GATE CSE 1997 | Question: 5.5

Question

Consider a logic circuit shown in figure below. The functions $f_1, f_2 \text{ and } f$ (in canonical sum of products form in decimal notation) are :

$f_1 (w, x, y, z) = \sum 8, 9, 10$

$f_2 (w, x, y, z) = \sum 7, 8, 12, 13, 14, 15$

$f (w, x, y, z) = \sum 8, 9$

 

The function $f_3$ is

• A. $\sum 9, 10$

• B. $\sum 9$

• C. $\sum 1, 8, 9$

• D. $\sum 8, 10, 15$

Comments

Great explanations

Answer 1

$f = (f_1 \wedge f_2) \vee f_3$

Since $f_1$ and $f_2$ are in canonical sum of products form, $f_1 \wedge  f_2$ will only contain their common terms- that is $f_1 \wedge f_2 = \Sigma 8$

Now, $\Sigma 8 \vee f_3 = \Sigma 8,9$
So, $f_3 = \Sigma 9$

Correct Answer: $B$

Comments

Its or gate. Why shouldn't we take the UNION? that is both 8 and 9 in the answer.

We just took out the coomon term?

---

AND gate behaves like Intersection, OR gate behaves like Union, EX-OR gate behaves set difference in set theory.

Reference:

• http://www.toves.org/books/logic/ 

---

Adding more to @Lakshman Patel RJIT Sir's comment:-

In set theory, the set difference between two sets is defined as the set of elements that are in the first set but not in the second set.
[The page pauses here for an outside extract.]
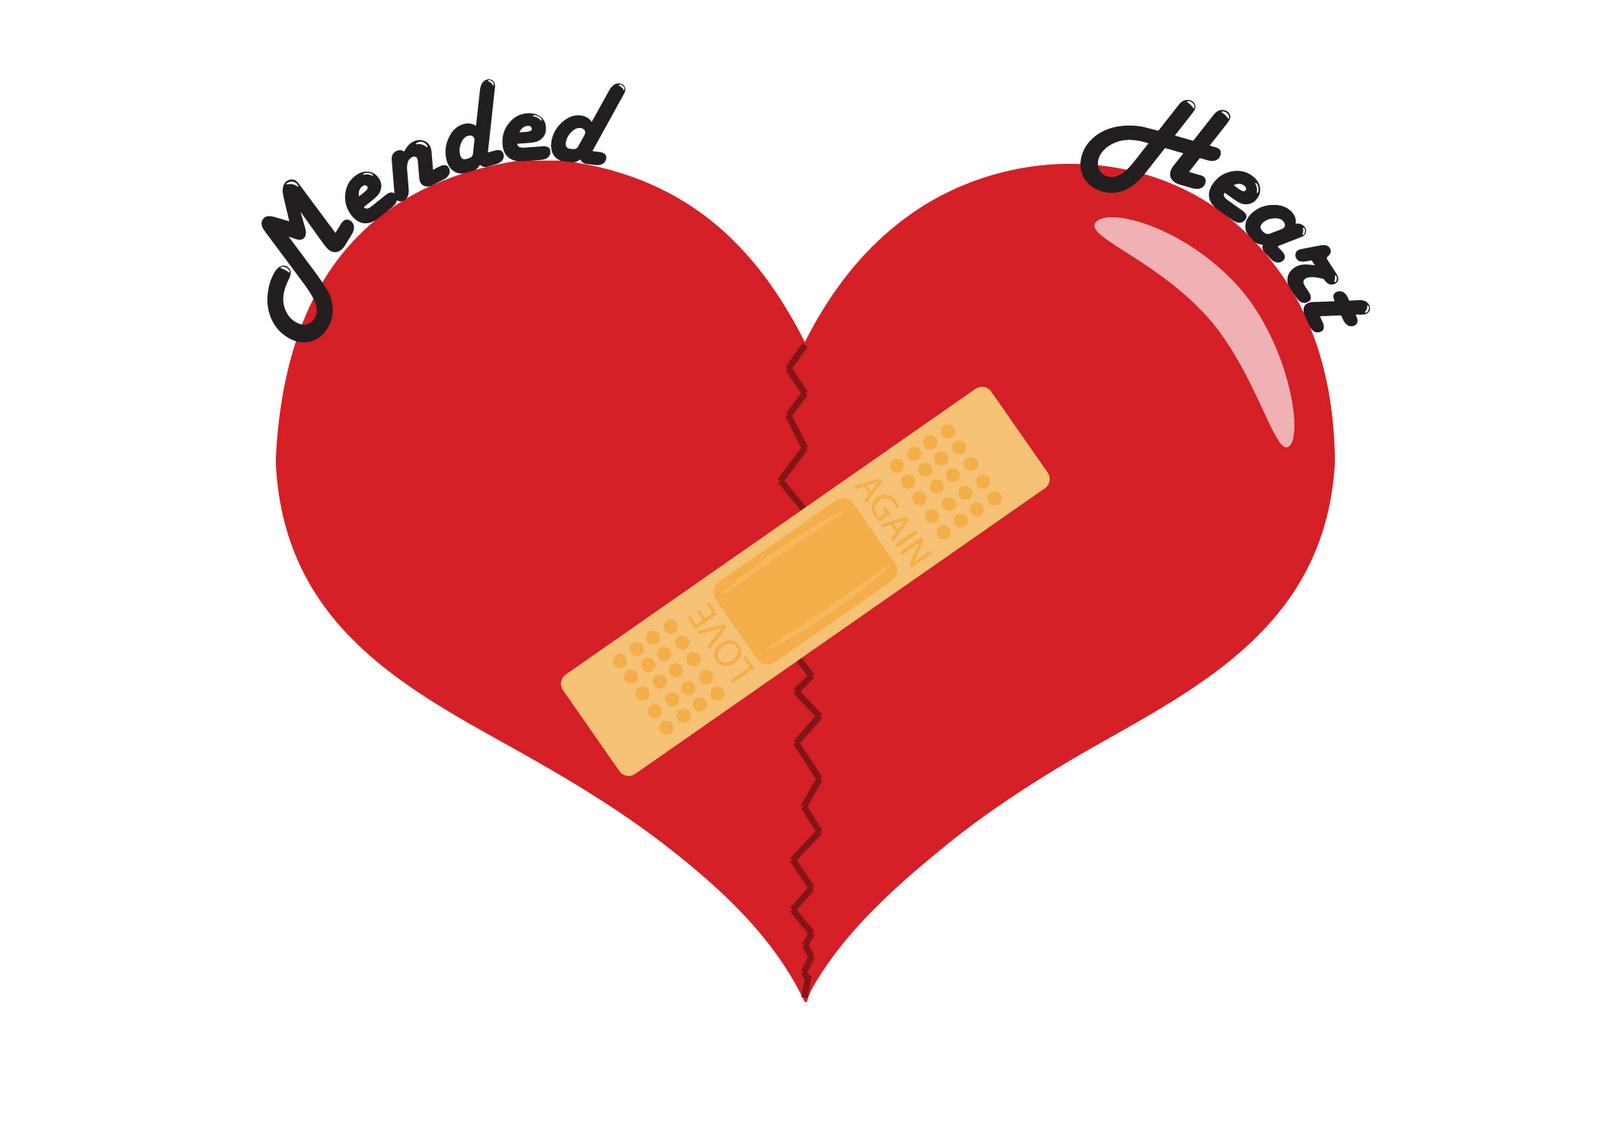 Mended Heart logo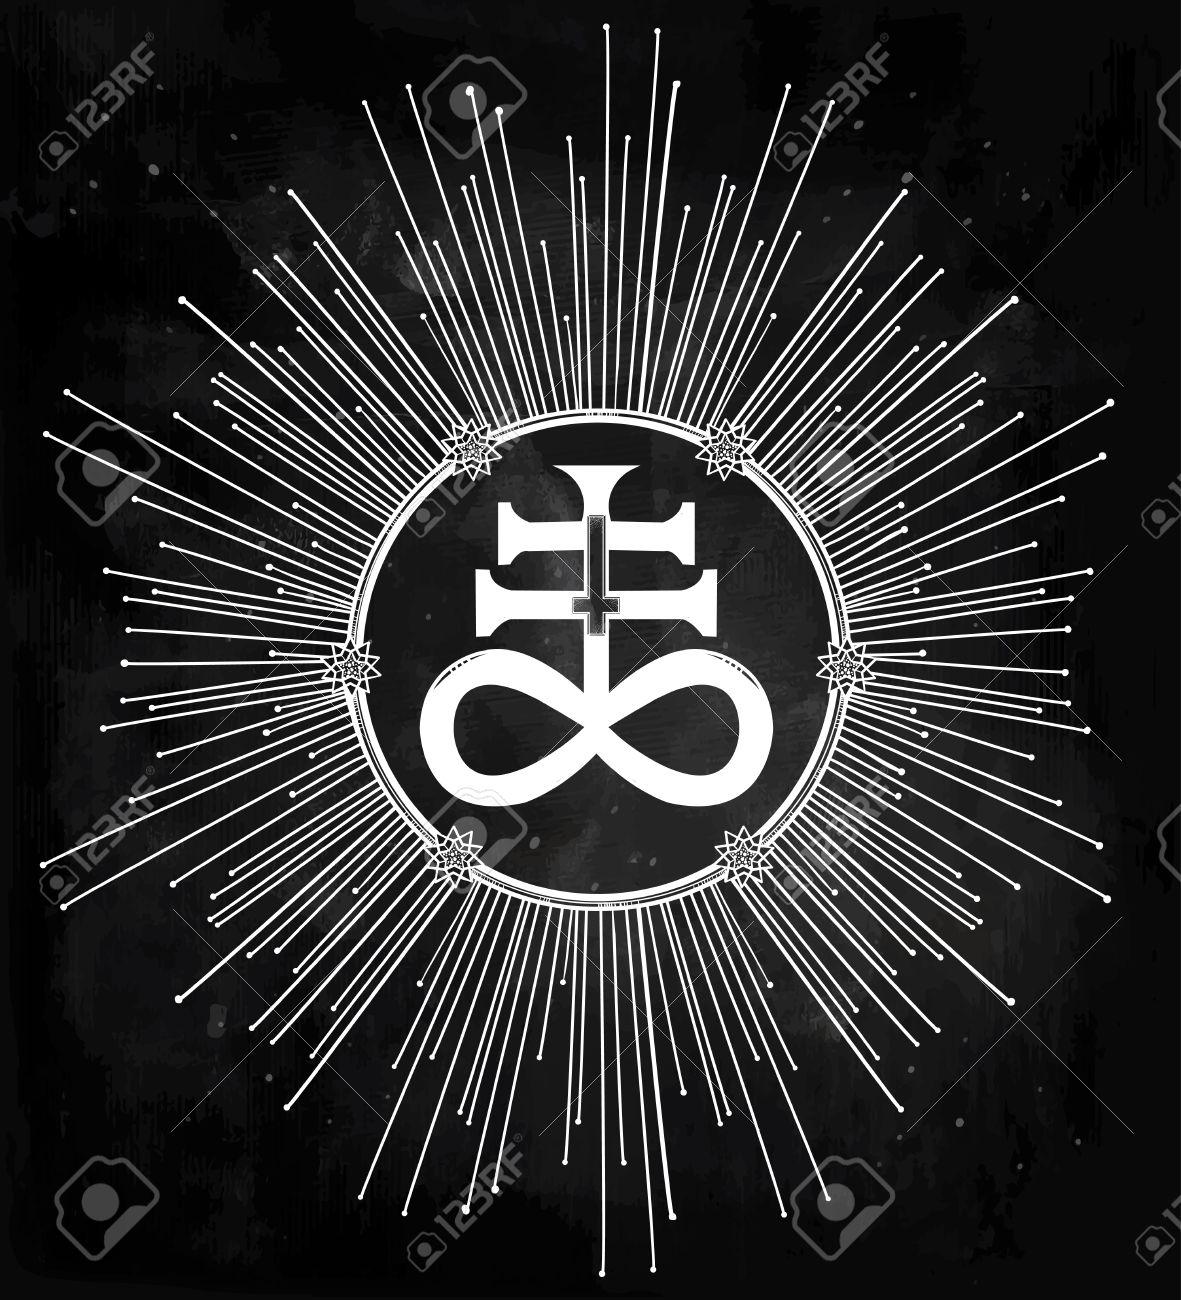 Idées de factions 47704705-La-Croix-satanique-galement-connu-comme-la-croix-Leviathan-une-variation-du-symbole-alchimique-du-so-Banque-d%27images

So in a way, we can say that an EX-OR gate behaves like a set difference operator, in the sense that it compares its inputs and produces a "true" output if the inputs are different, and a "false" output if the inputs are the same. However, it's important to note that an EX-OR gate is a logical operation and is not directly related to set theory in the way that set difference is.